Behavior Before After
GET /api/ai/status for a writer/owner returned raw providers.claude.apiKey key stripped for all principals; only apiKeySet: true remains (server test)
Settings — no key set
Settings — key set field was seeded with the raw key value write-only, masked, Clear + "leave blank to keep":

Test procedure

  • pnpm verify → green.
  • Server contract packages/server/src/aiGating.test.ts: enumerates guest / viewer / jws-non-member / owner + loopback + PUT-echo and asserts the key string is absent everywhere (not.toContain), plus preserve / clear / whitespace-only / omitted-provider / malformed-null cases.
  • Manual: Settings → AI → Claude — set a key + save; reopen → field shows "key set", not the value; blank-save keeps it; Clear key removes it; AgentPanel still offers claude when a key is set.

Operational notes

  • No migration, no new env vars, no new deps.

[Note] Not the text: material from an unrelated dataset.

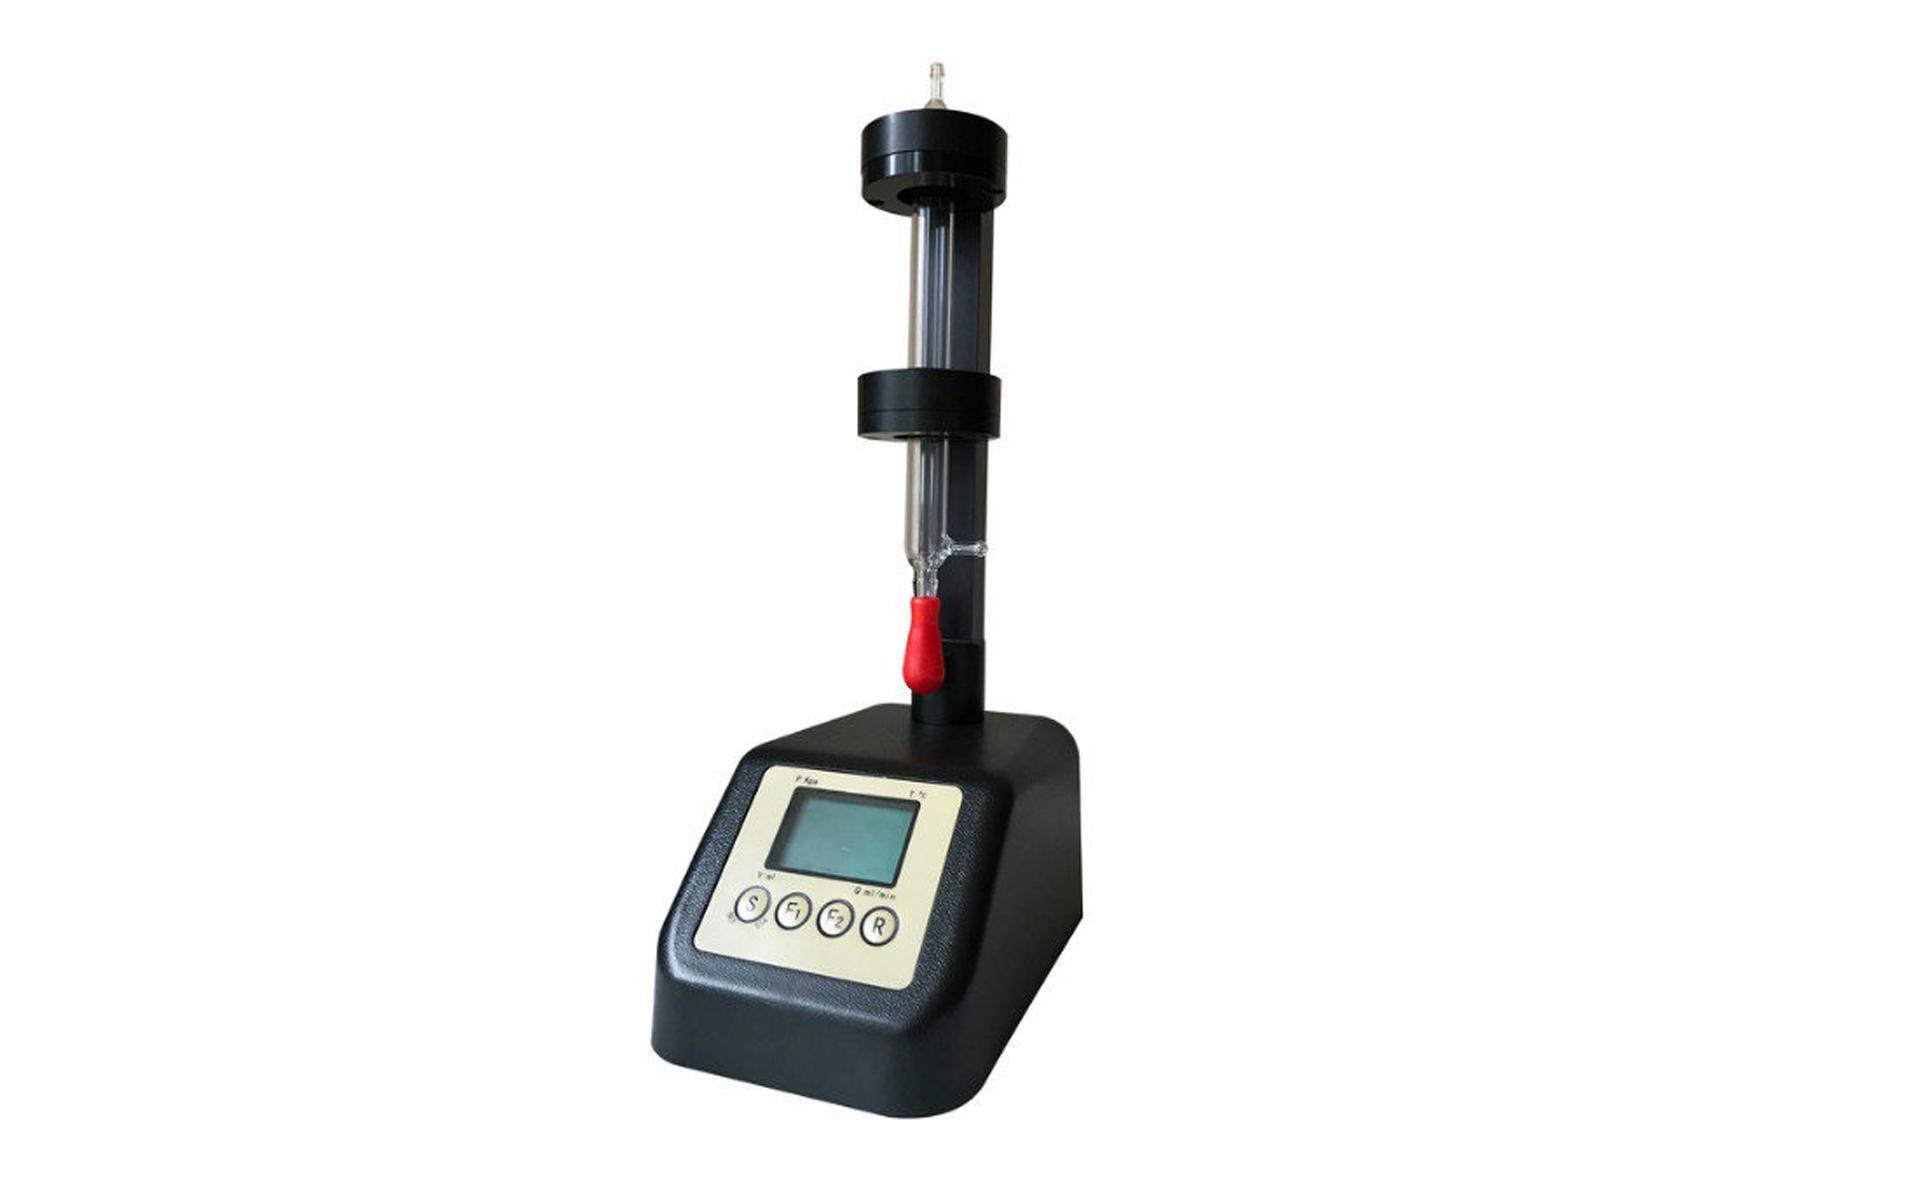 北分三谱ZM-102B便携式智能电子皂膜流量计
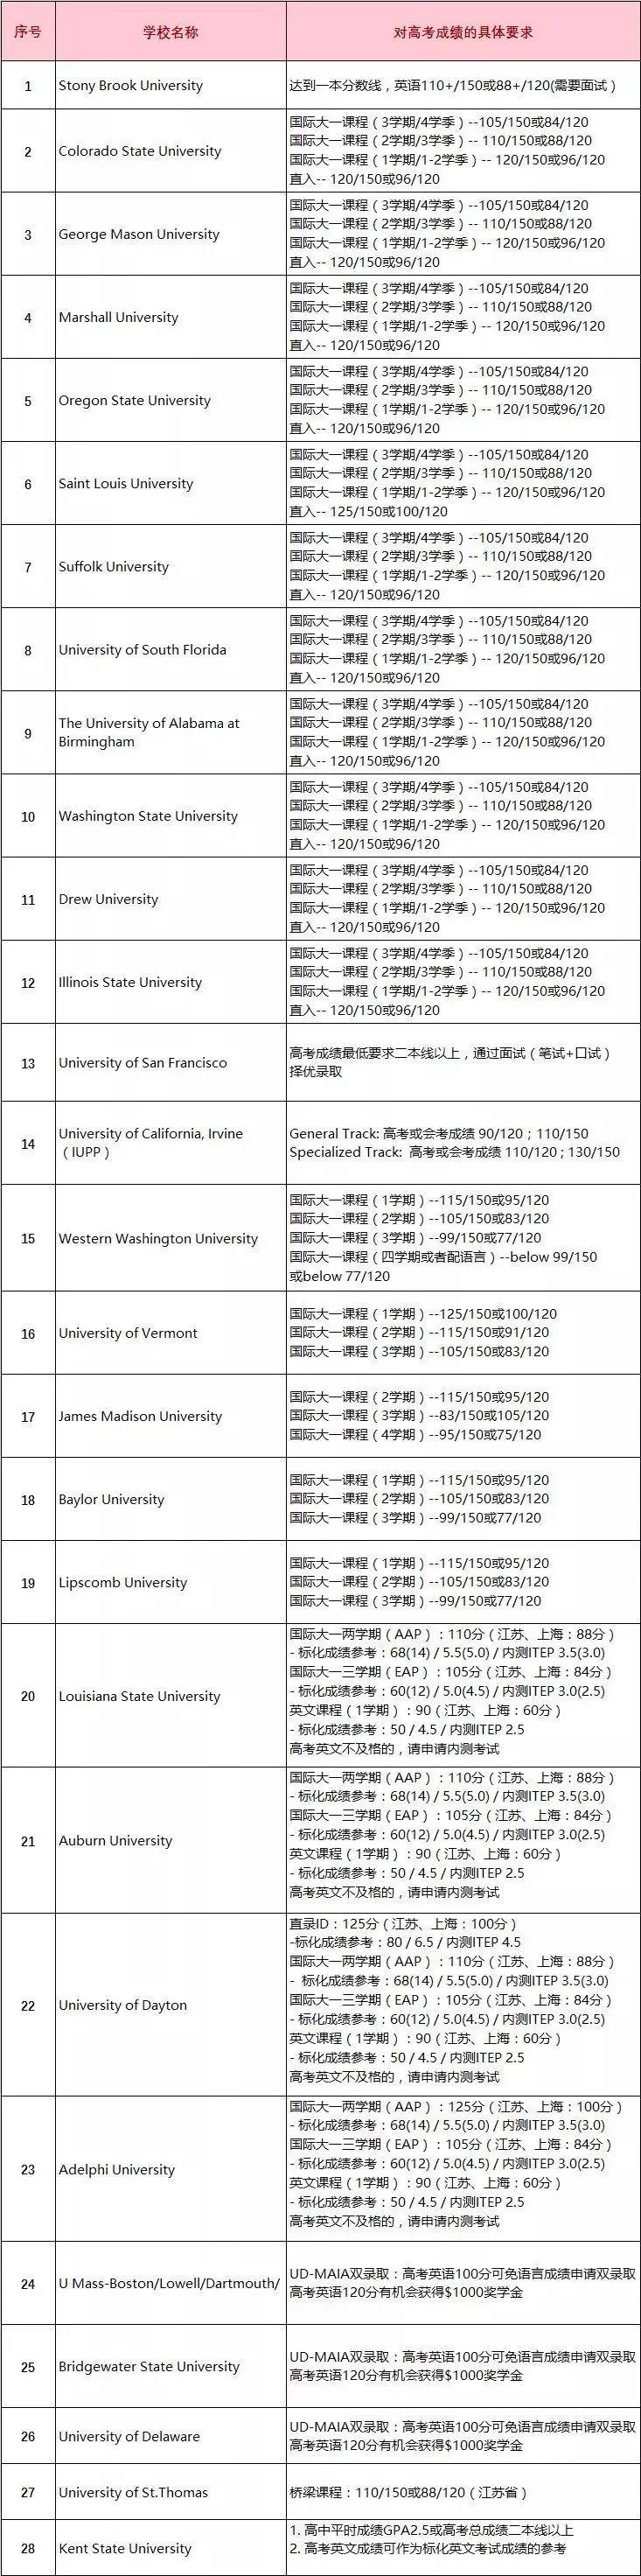 以下为接受中国高考成绩直申的美国大学及相关要求(仅供参考):

Behavior change: the settings form no longer reads the key back (write-only); existing stored keys are preserved and continue to work, but users won't see the value again — by design.
  • Widened SDK apiKey to string | null to carry the explicit-clear signal; createEngine coalesces (s.apiKey || '') so null is never treated as a real key, and the stored config never persists null.
  • Branch is based on 545fe1f; the only gap to main is the 1.75.0 release bump (CHANGELOG + version bumps) — no code conflict.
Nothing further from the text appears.